WHAT THE TASK REQUIRES.
Word for word, copy the listing below and leave out its images.

INFORMATION SUPPLIED.
◆ ◆ ◆ ◆
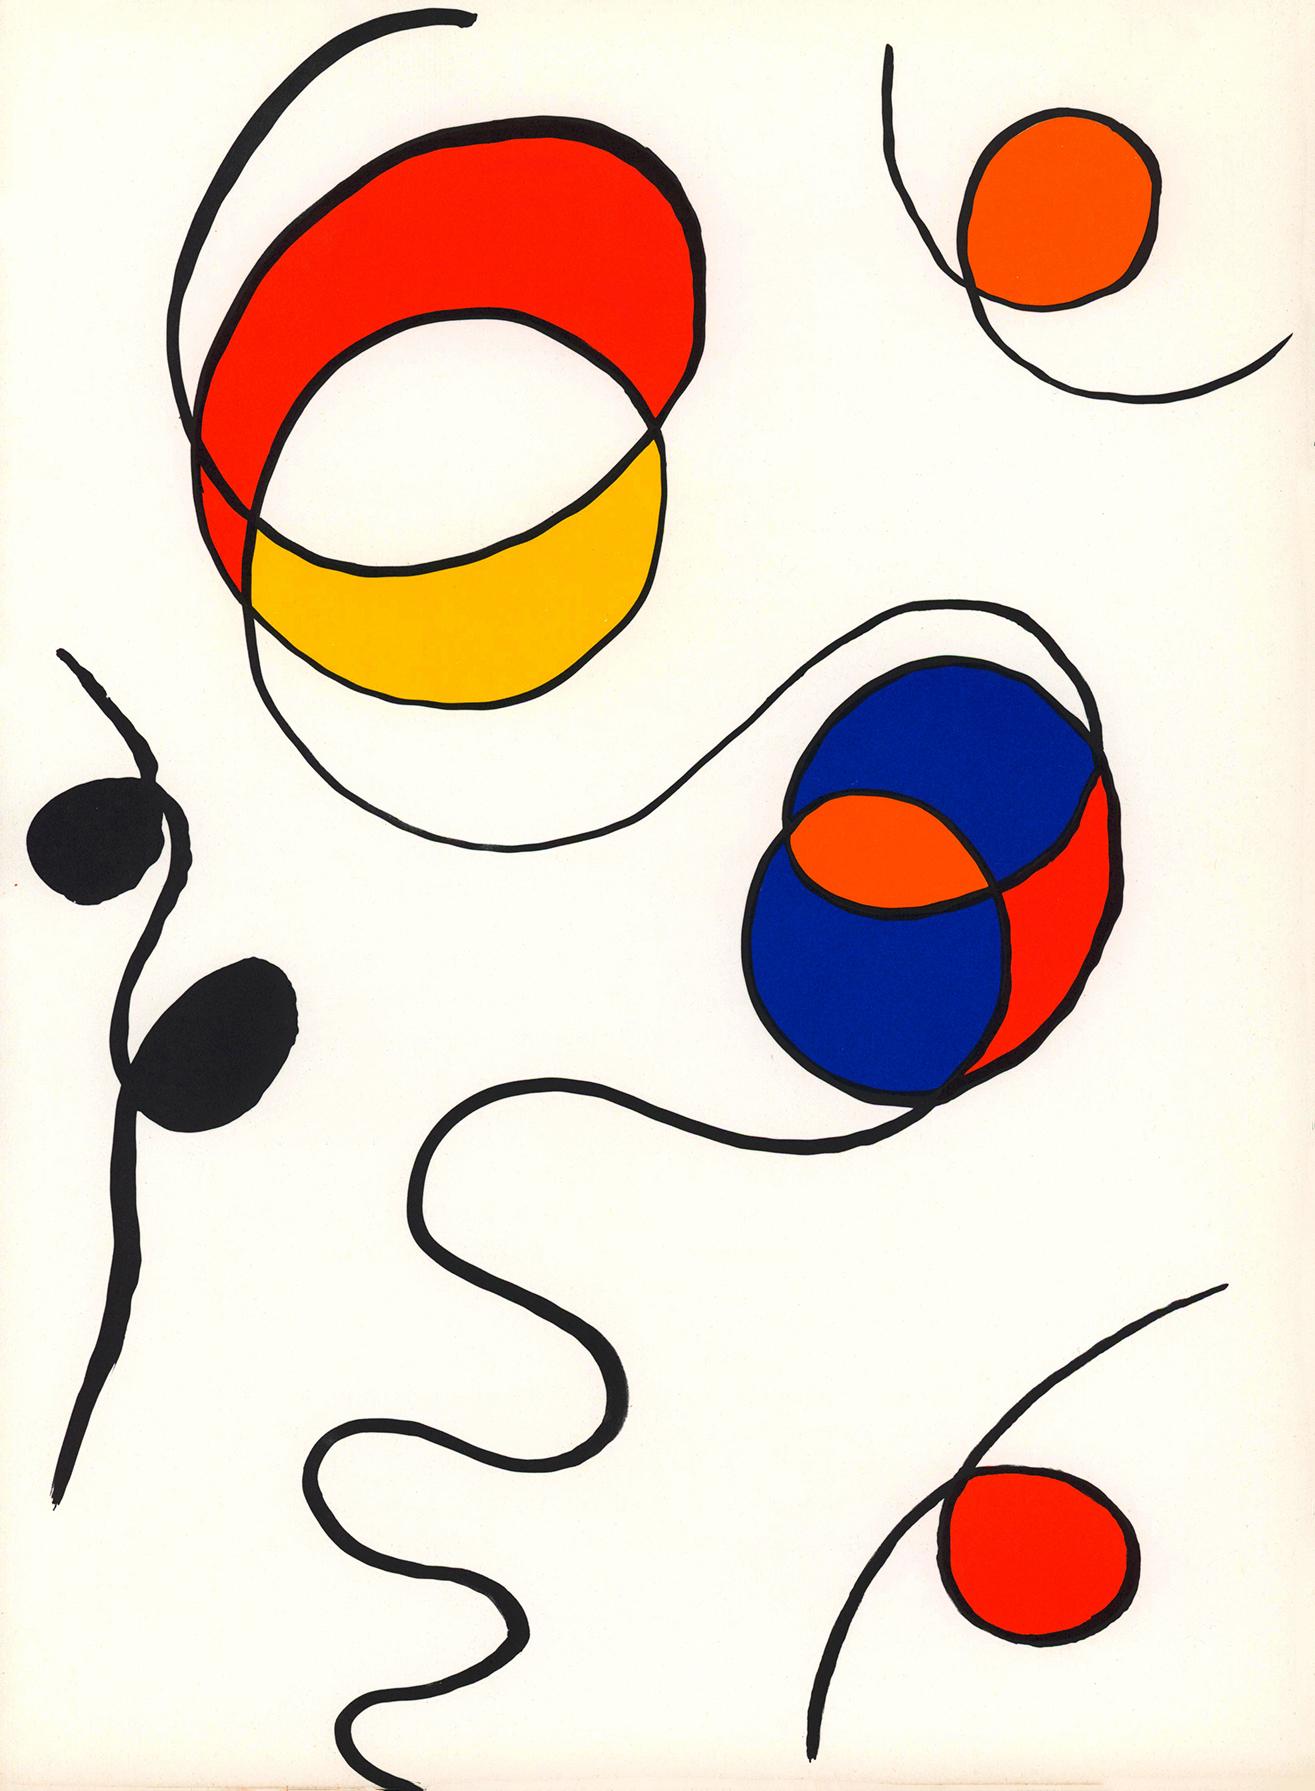 Vintage original 1960s Alexander Calder lithograph from Derriere le Miroir:

Dimensions: 11 x 15 inches.

Minor signs of handling; good overall vintage condition with well preserved colors.

Unsigned from an edition of unknown. Sold unframed.
◆ ◆ ◆ ◆
ANSWER SECTION.
 Vintage original 1960s Alexander Calder lithograph from Derriere le Miroir:

Dimensions: 11 x 15 inches.

Minor signs of handling; good overall vintage condition with well preserved colors.

Unsigned from an edition of unknown. Sold unframed.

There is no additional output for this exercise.